Cognac giant Hennessy has opened its first dedicated boutique on Hainan island, a renowned holiday spot in China.

As one of the most popular Cognac brands in China, Hennessy finally debuted the brand’s first brick-and-mortar shop in China to offer a “multi-sensational experience” for customers to discover the product.

Based at the CDF Mall in Haitang Bay, exclusive bottles such as Hennessy XXO (1L), which is only available in travel retail, as well as the limited edition Hennessy VSOP Privilège UVA, a collaboration between Hennessy VSOP and the London-based collective United Visual Artists (UVA), will be on offer.

Customers will also be able to purchase the latest products and full prestige range of Cognacs including Hennessy Paradis, Hennessy Paradis Impérial, and Richard Hennessy.

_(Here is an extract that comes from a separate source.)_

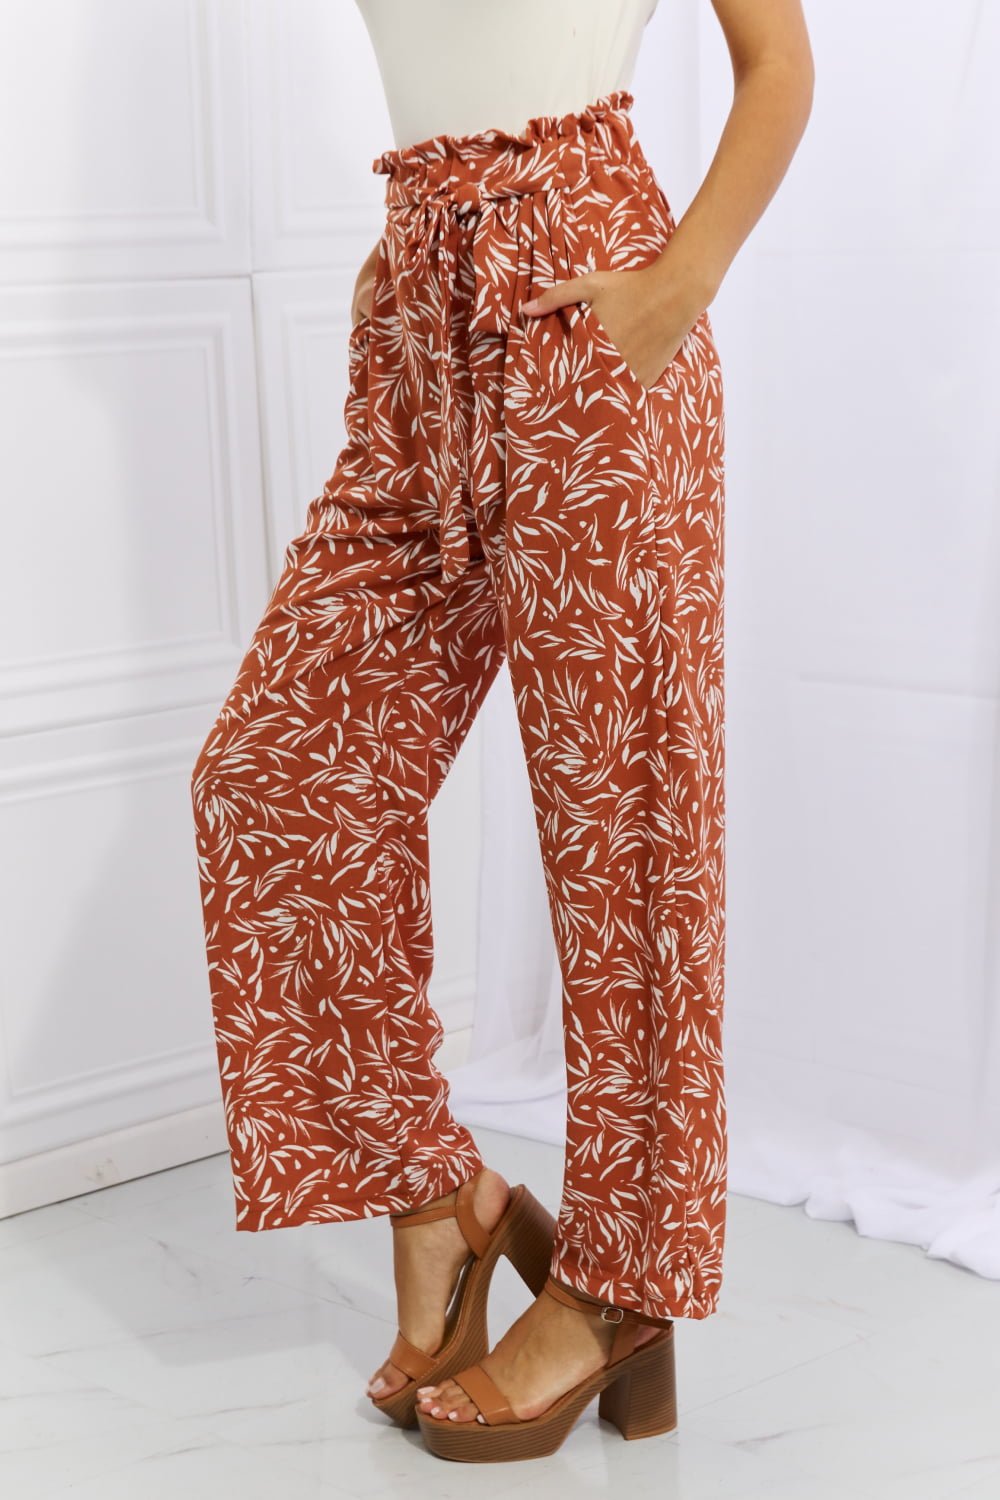 Heimish Right Angle Full Size Geometric Printed Pants in Red Orange - seldenkingsley

A special personalisation service on-site will allow customers to customise their Hennessy bottles for themselves or gifting.

The shop includes a circular ‘infinity bar’, where customers can sample a range of Hennessy-based cocktails and attend different workshops to learn more about the spirit.

The opening is well timed to take advantage of the new relaxed offshore duty-free shopping policy that was announced on 1 July. Under the new policy, alcohol (including beer, sake, imported wines and spirits) has been added to the duty-free categories and the annual duty-free allowance for shoppers visiting the island will be raised from RMB30,000 to RMB100,000, although the purchase of alcoholic drinks is subject to a 1.5 litre allowance restriction per visit.

Ultimately, the goal of the government is to create the Hainan Free Trade Port to stimulate consumption and tourism.

Claimed as the world’s largest duty-free shopping centre that comprises 70,000 square-metres, the CDF mall is operated by the China Duty Free Group (CDFG), the leading duty free retailer in China.

According to the 2020 half-year report released by LVMH on 27 July, the luxury group’s wine & spirit business saw organic revenue decline by 23%. A decline in volumes was noticeable in the second quarter especially for Champagne brands; yet cognac business is still going strong in both the Chinese and US markets.